The most important information in this review can be broken down further into the risks that cannabis smoking may have on obesity outcomes at different timepoints in life. Among adults and adolescents, administration of THC differentially affects obesity risks, and should therefore be further researched. However, with further data reporting an increased perception in society that regular cannabis smoking causes little to no harm, thus playing a large role in the increased use of this drug among pregnant women [165,166,167], there is increased cause for concern. This is mainly due to the strong relationship that prenatal smoking has on the birth weight outcomes of children.
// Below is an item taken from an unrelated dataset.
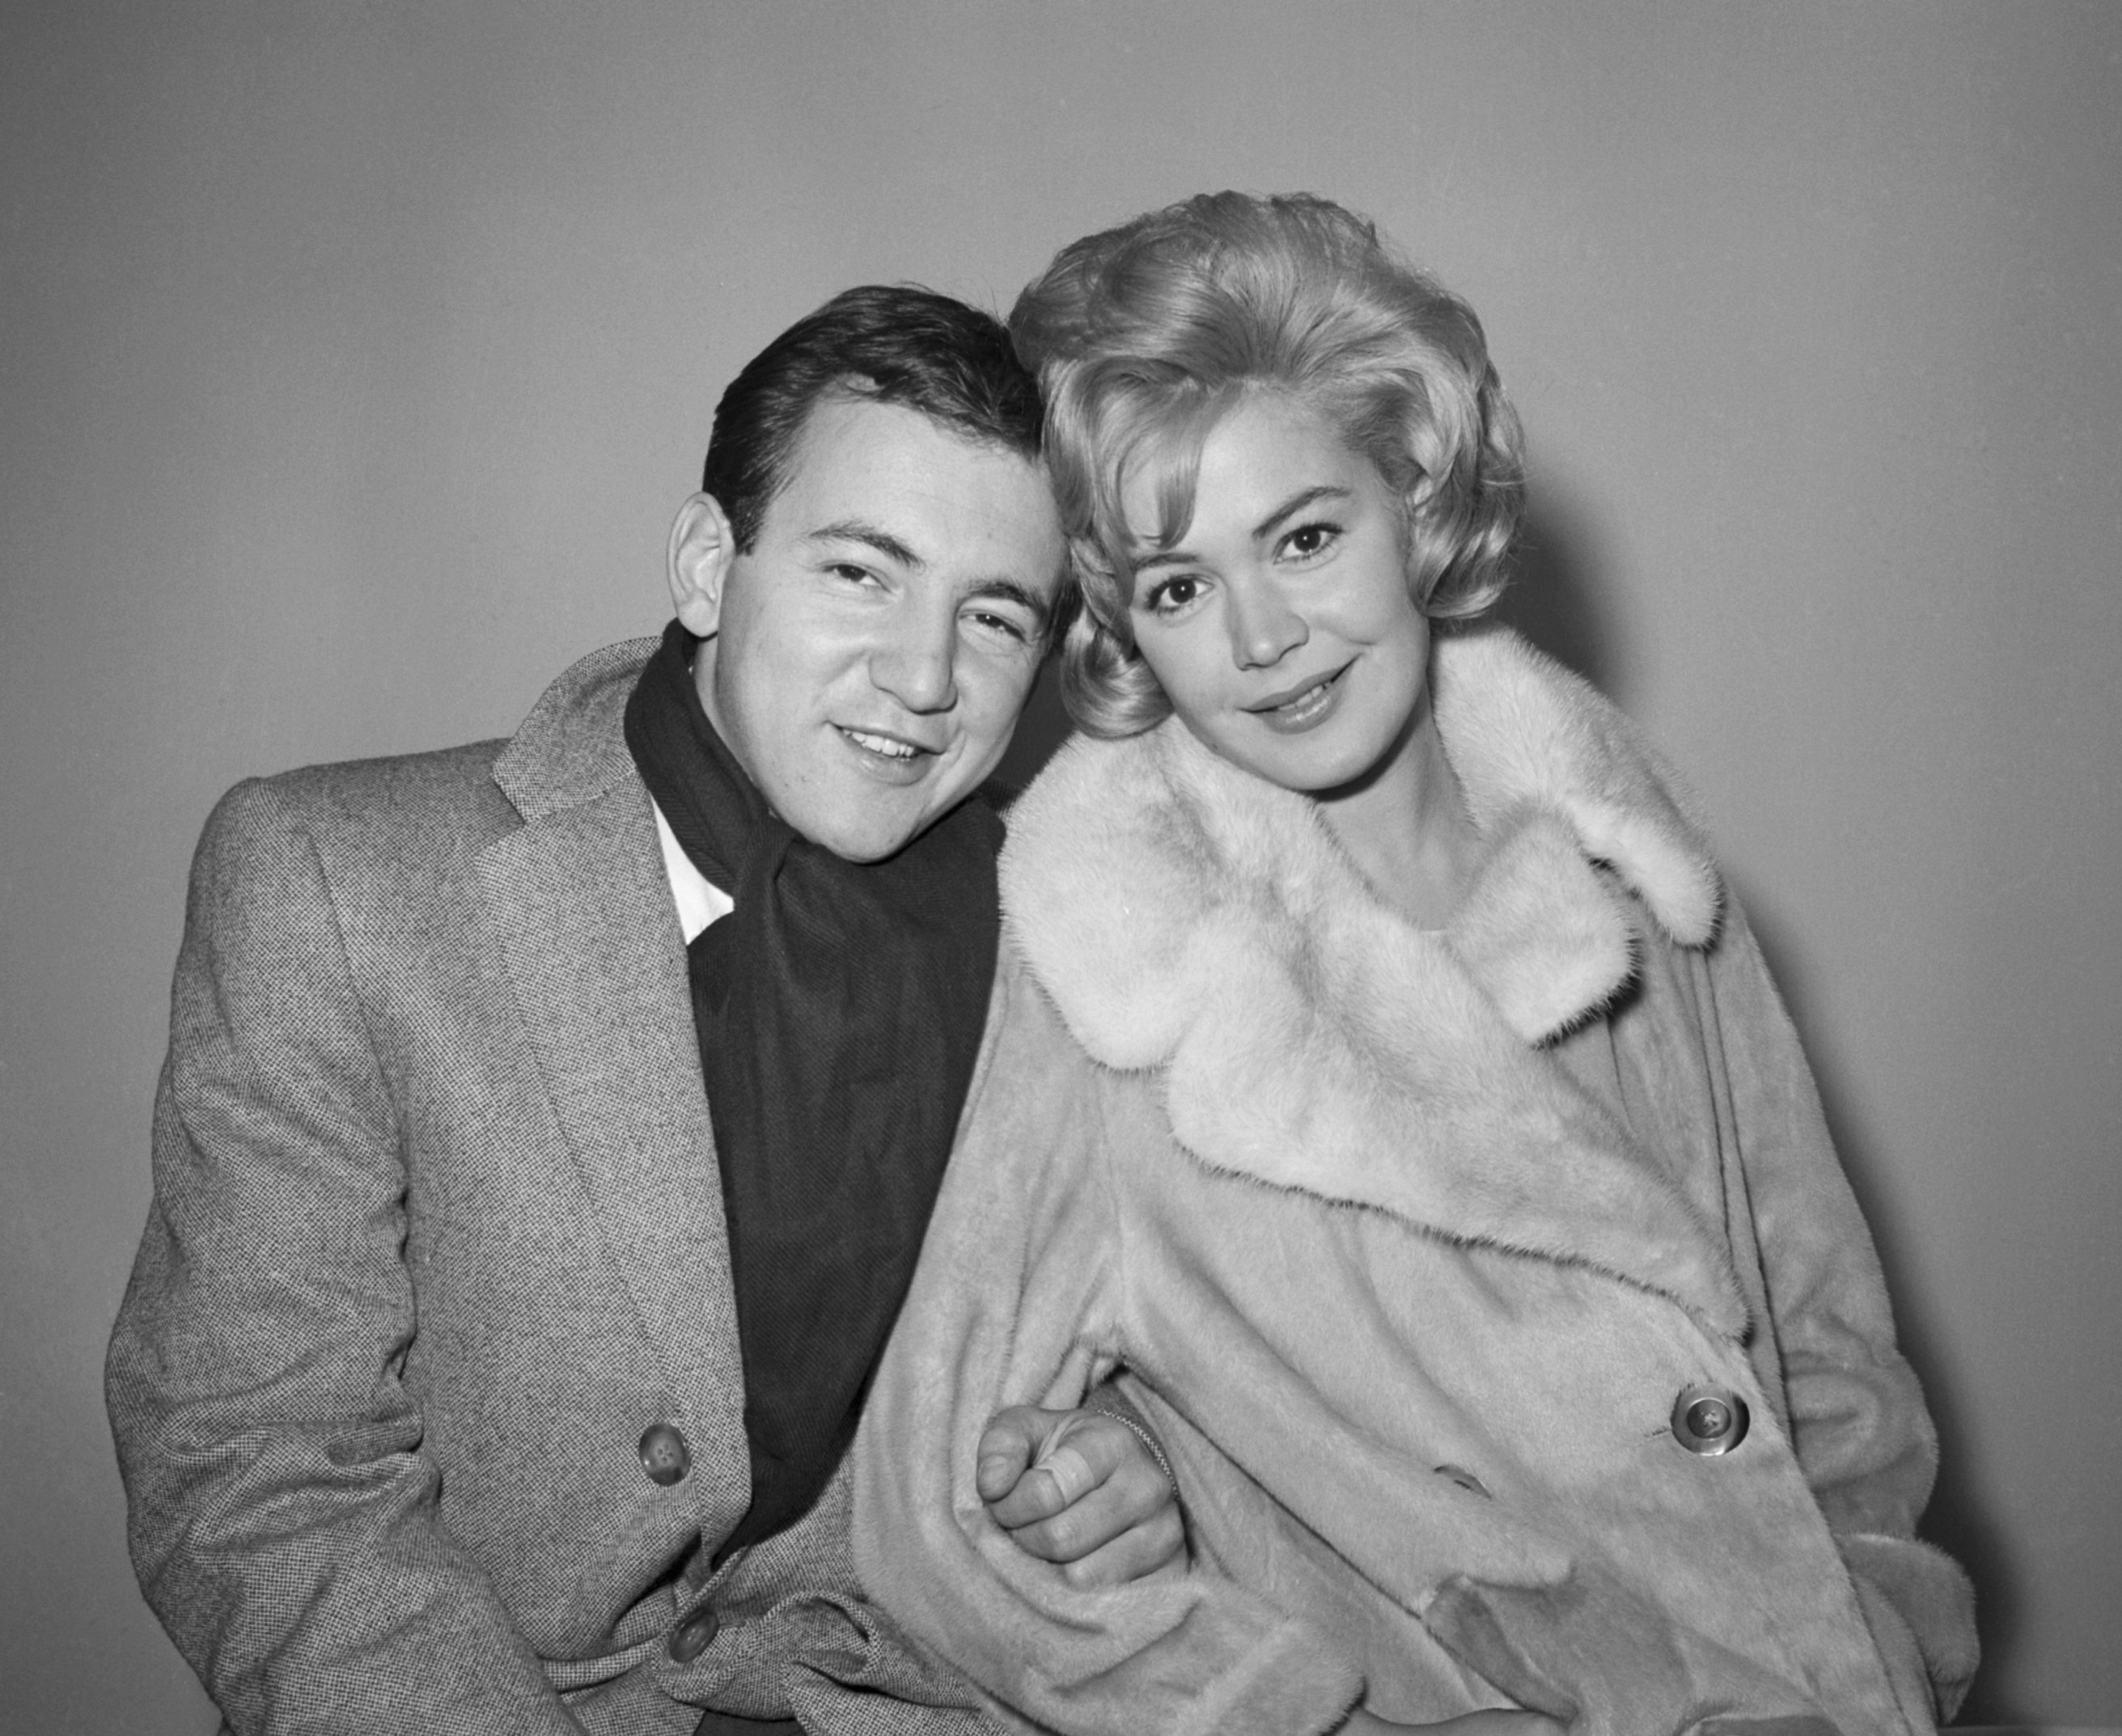  Singer Bobby Darin, 24, and actress Sandra Dee, 19, pose at Idlewild Airport, after their secret marriage earlier in Elizabeth, New Jersey. on 01 Dec,1960 | Source: Getty Images

Cannabis administration throughout pregnancy was seen to have a direct effect by decreasing the birth weight, head circumference, and even different growth factors [173,174,175]. Proposed mechanisms consisted largely of fetal hypoxia from smoke inhalation and inhibition of the endothelial growth factor from CB1R activation [172,179]. This lack of fetal growth can have great implications for many negative outcomes that may arise later in a child’s adolescence, such as an increased risk of obesity-related issues. Further research is still needed in order to fully understand the ramifications that cannabis may have on our society in general. With the increasing rate of legalization of recreational use of this plant, there is a greater need to fully understand both the therapeutic and adverse aspects that these phytocannabinoids may provide.

Author Contributions

N.F. was responsible for article review and writing the manuscript. S.P. contributed by editing the manuscript and assisted with the figures. P.T. designed the review and edited the manuscript. All authors have seen and approve of the final version of the manuscript that is being submitted.

Funding

This research was funded by NIH, grant number R33DA045640.

Institutional Review Board Statement

Not applicable.

Informed Consent Statement

Not applicable.

Data Availability Statement

No new data were created or analyzed in this study. Data sharing is not applicable to this article.

Conflicts of Interest

The authors declare no conflict of interest.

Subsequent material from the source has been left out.